Print exactly the lines of the listing below from the one containing "Bicycle wheel group" through the final line, both included, and no pictures.

__Information shown__.
------------------------------------------------------------

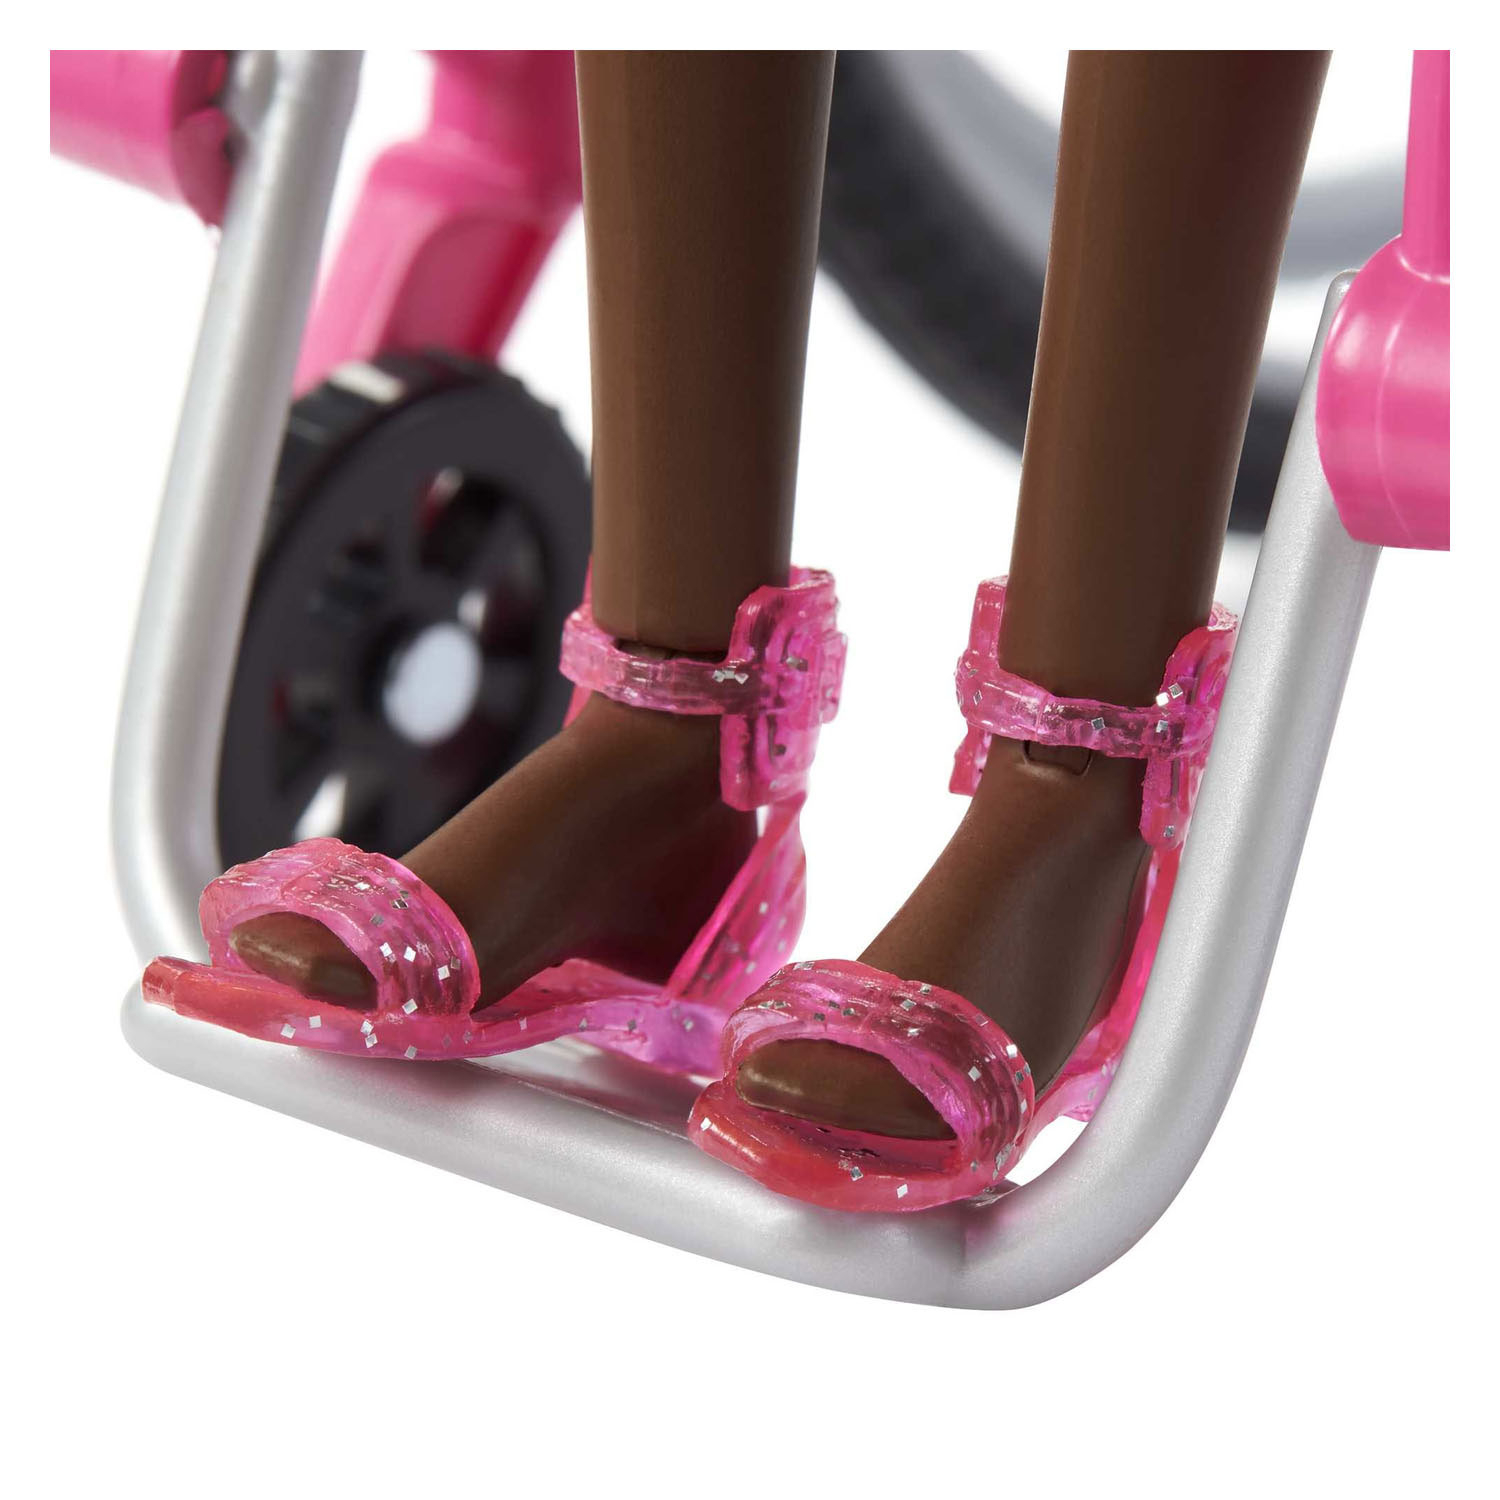 Barbie Fashionistas Modepuppe im Rollstuhl
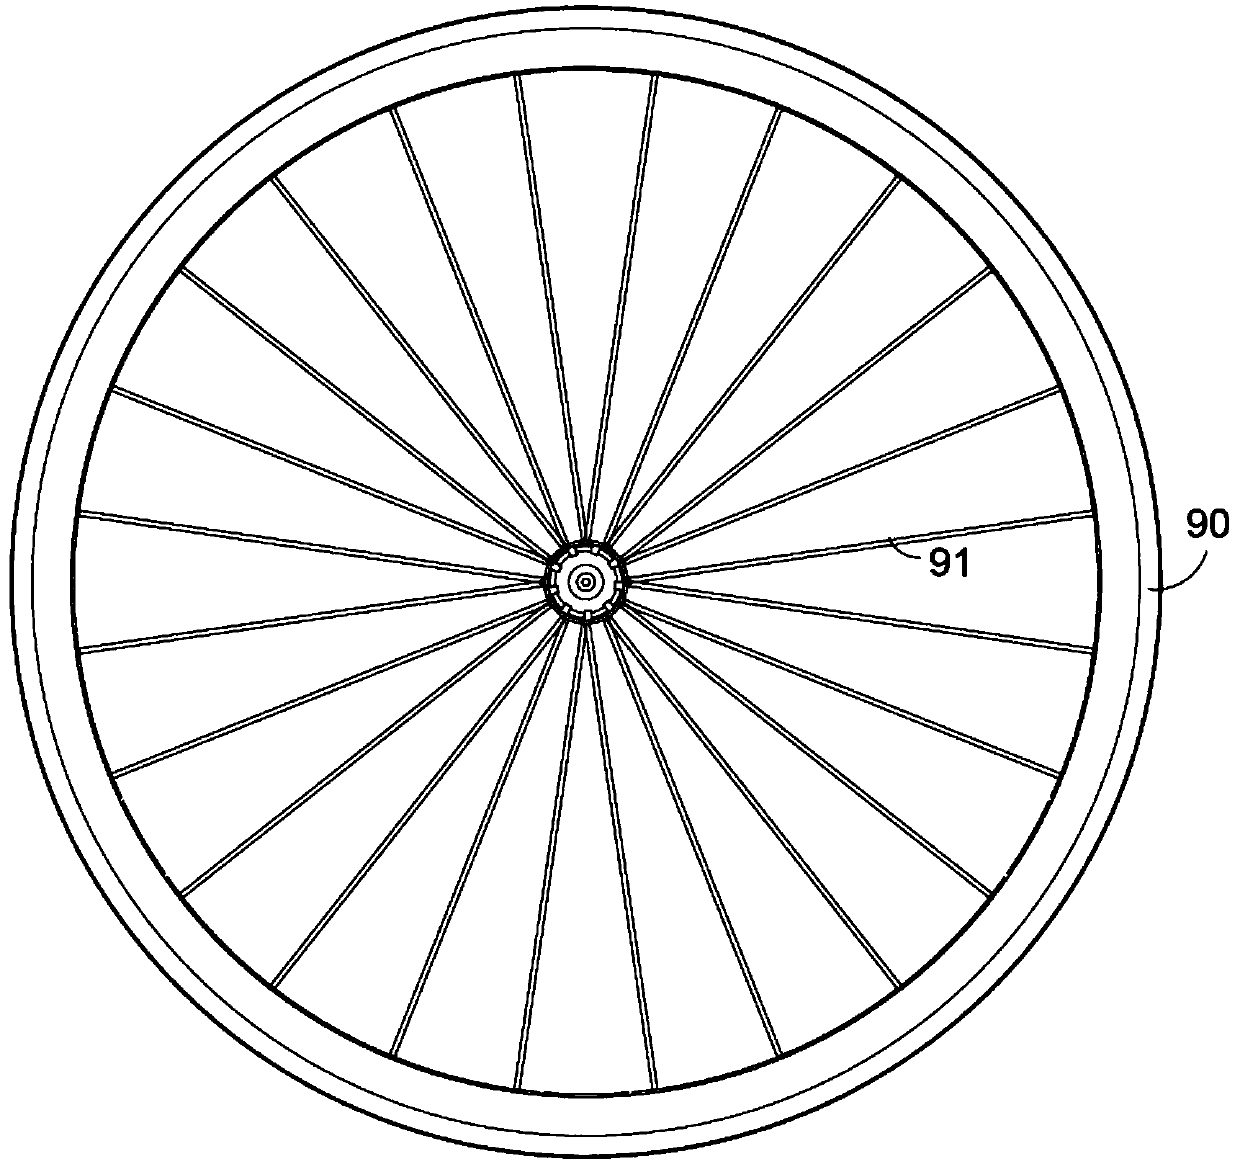 Bicycle wheel group
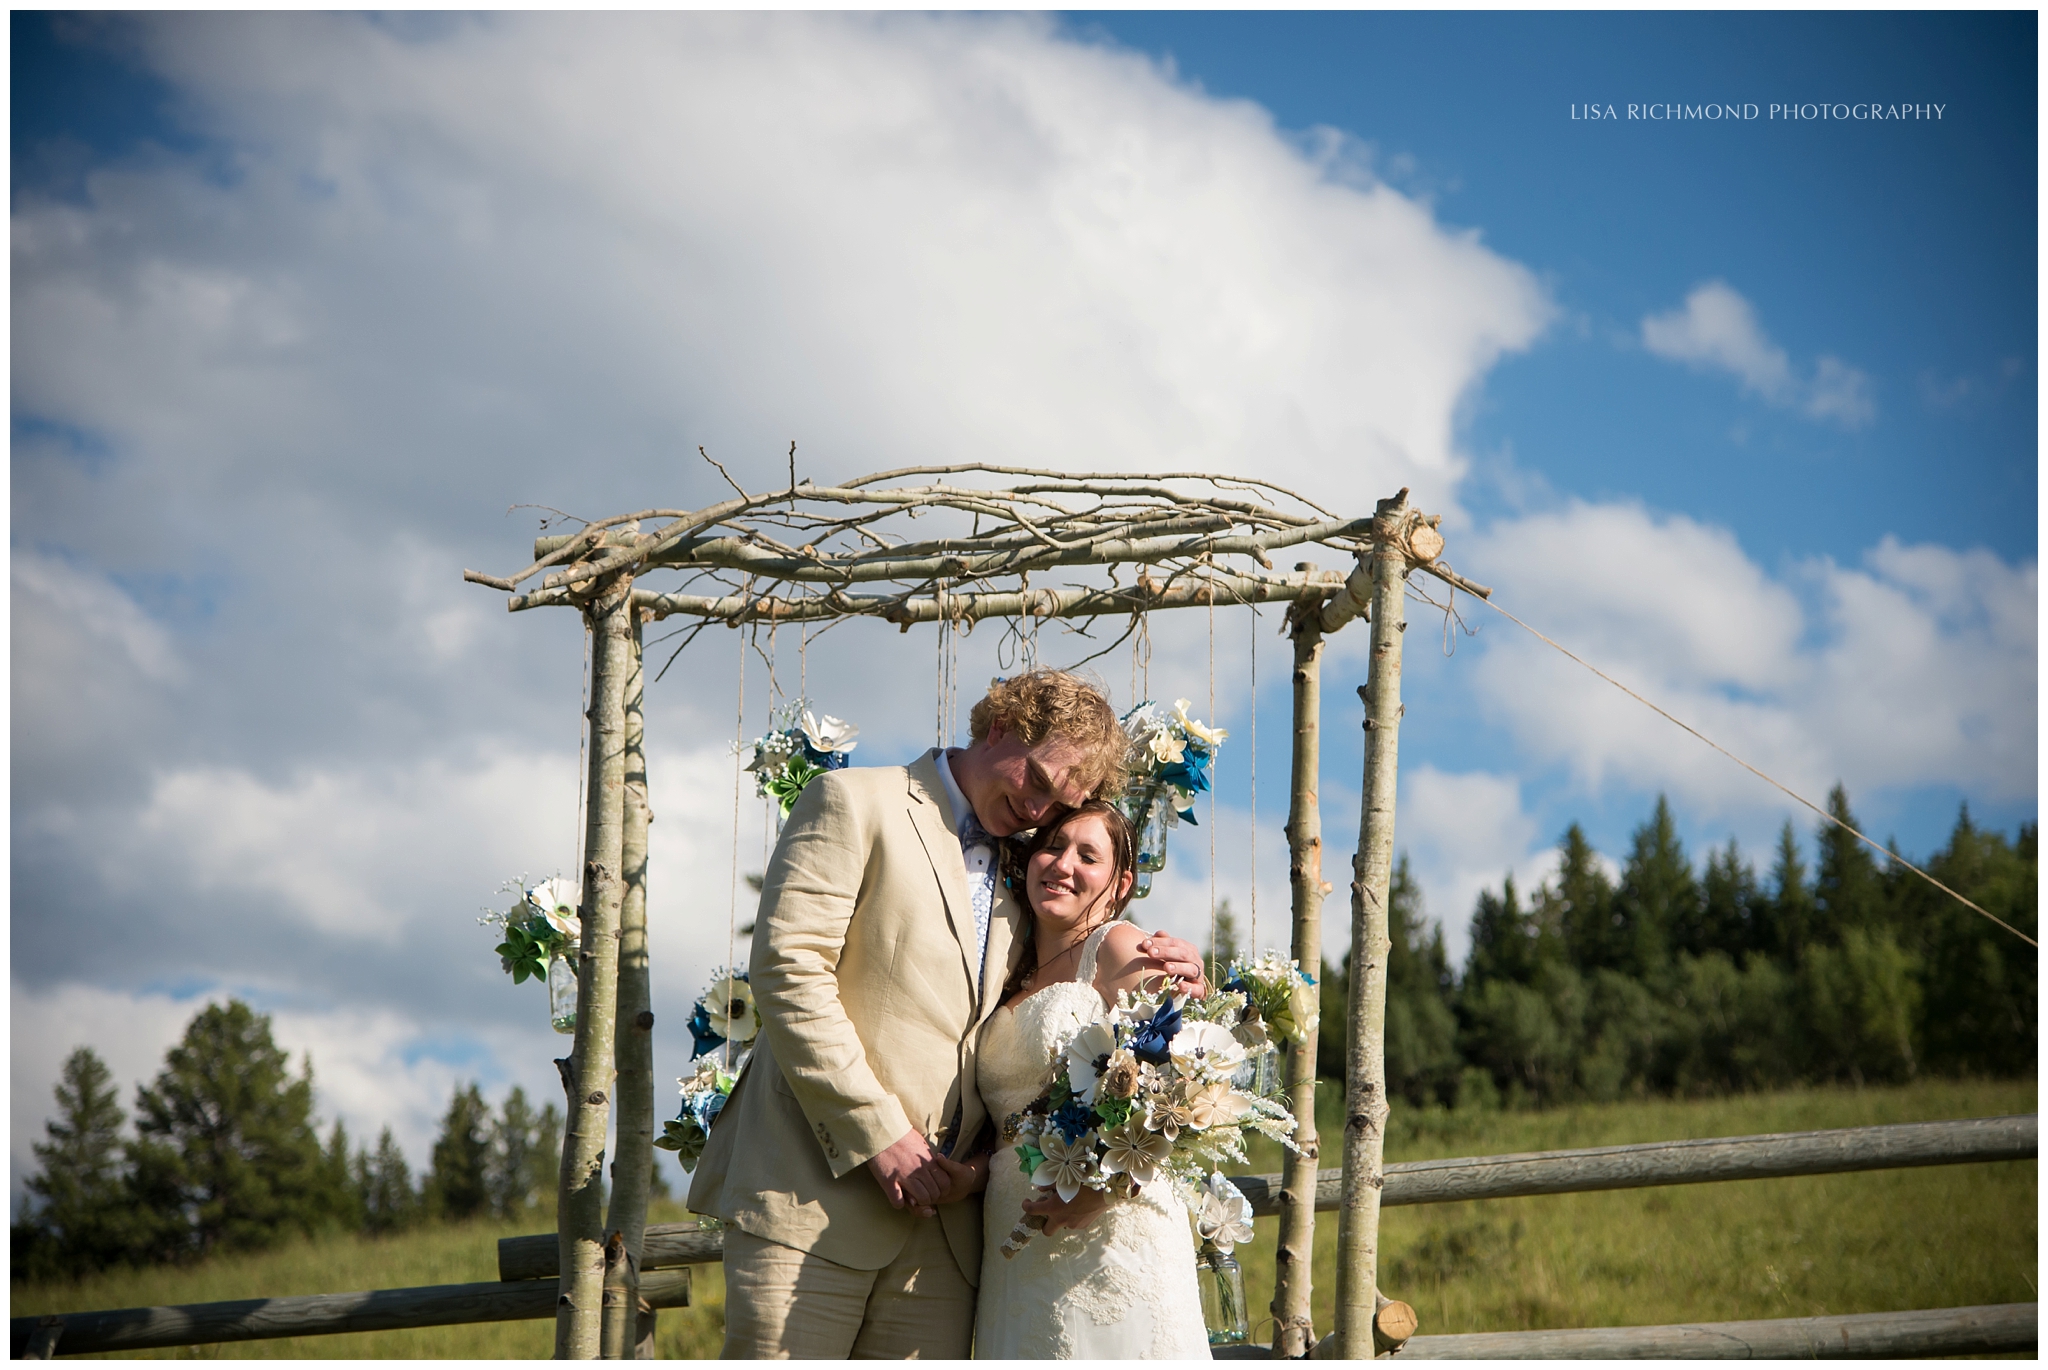 Lisa Richmond Photography-Destination Wedding Photographer_1758
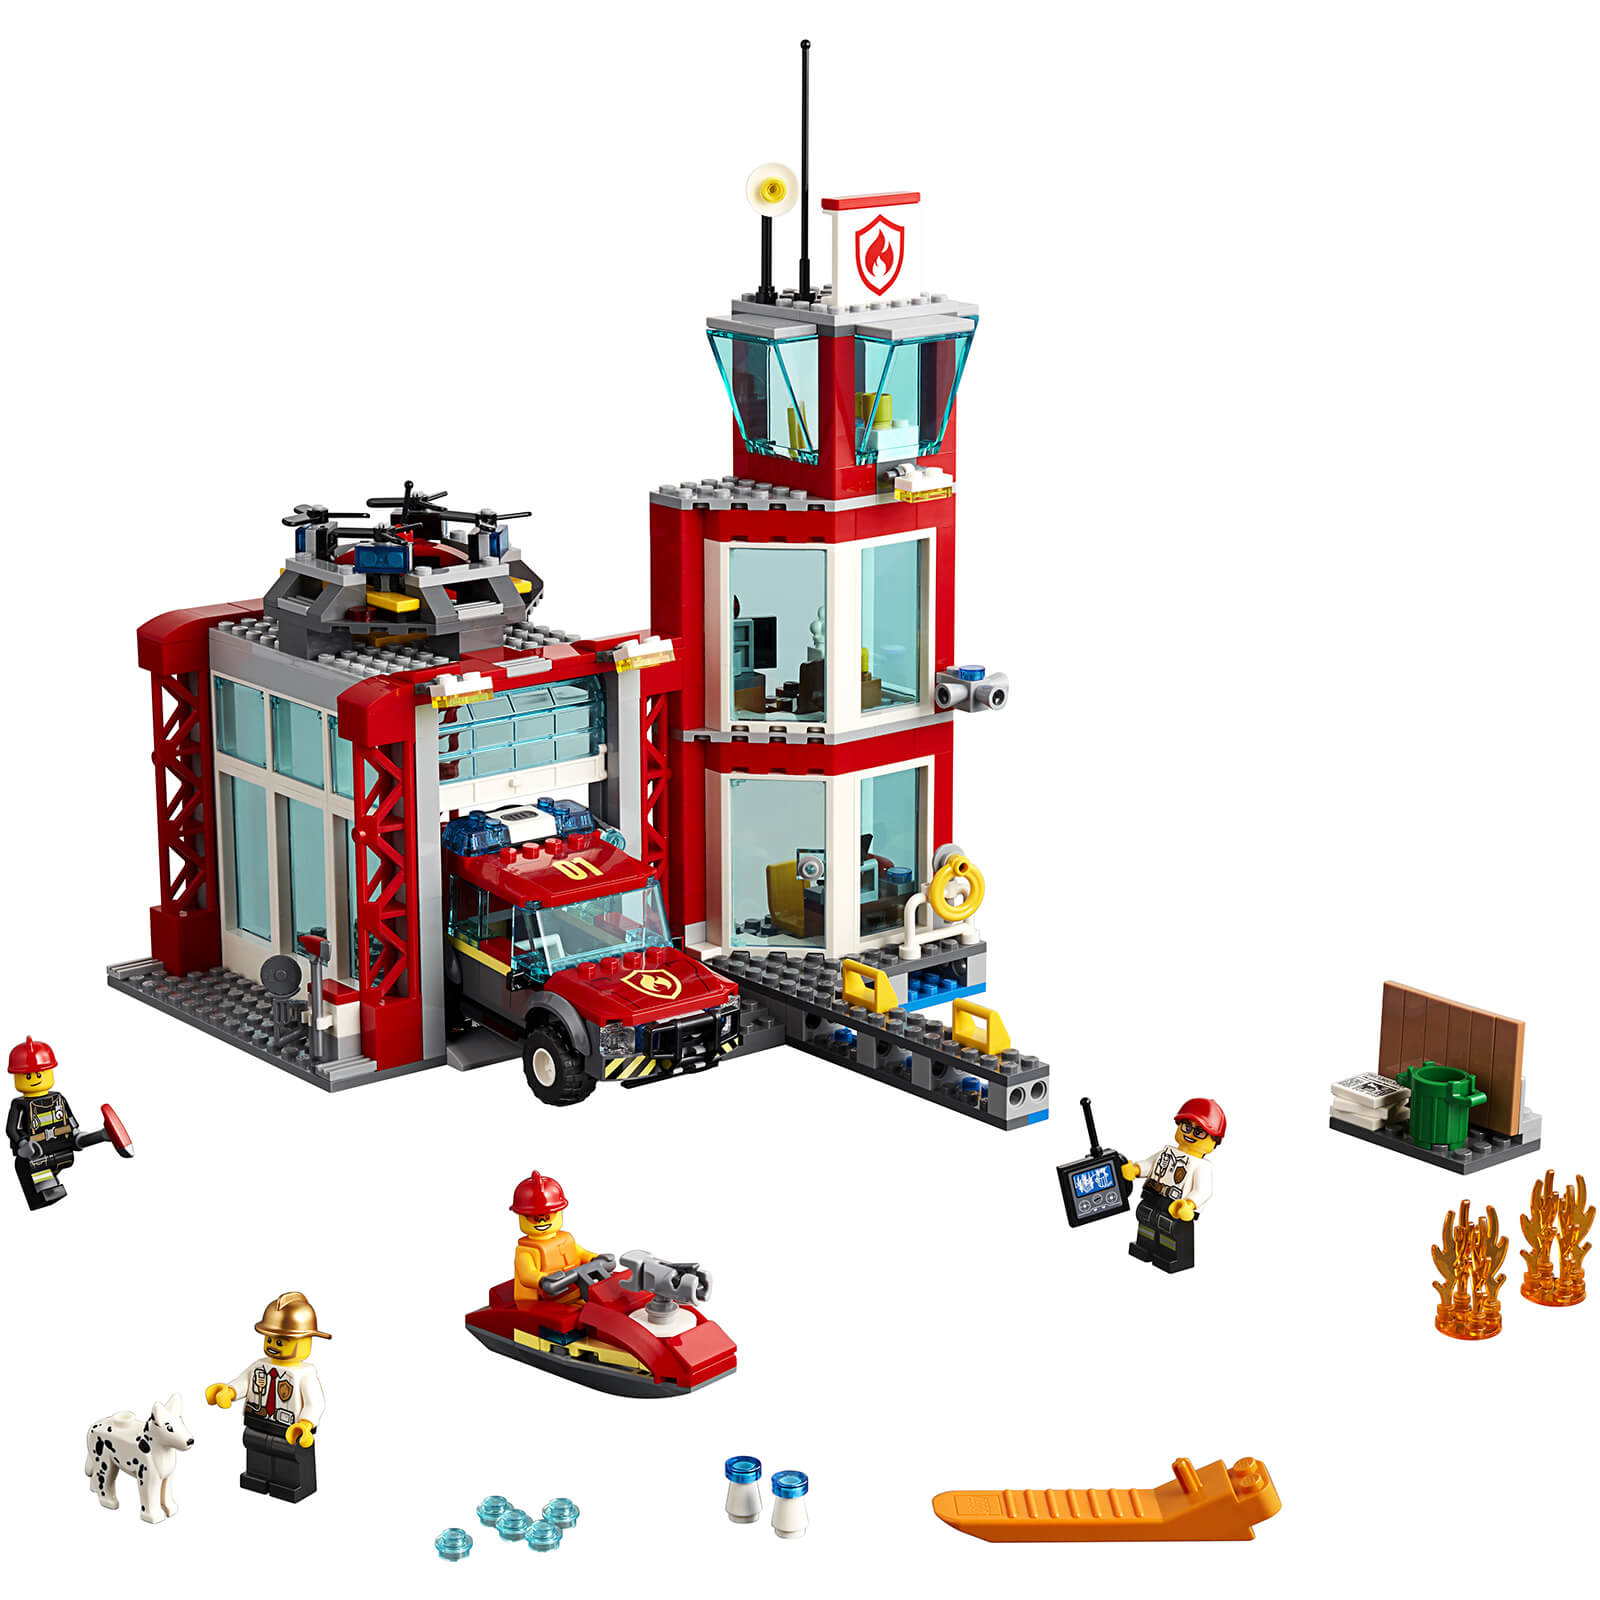 LEGO City: Fire Station Building Set (60215)

------------------------------------------------------------

__Answer box__.
 Bicycle wheel group
 Lisa Richmond Photography-Destination Wedding Photographer_1758
 LEGO City: Fire Station Building Set (60215)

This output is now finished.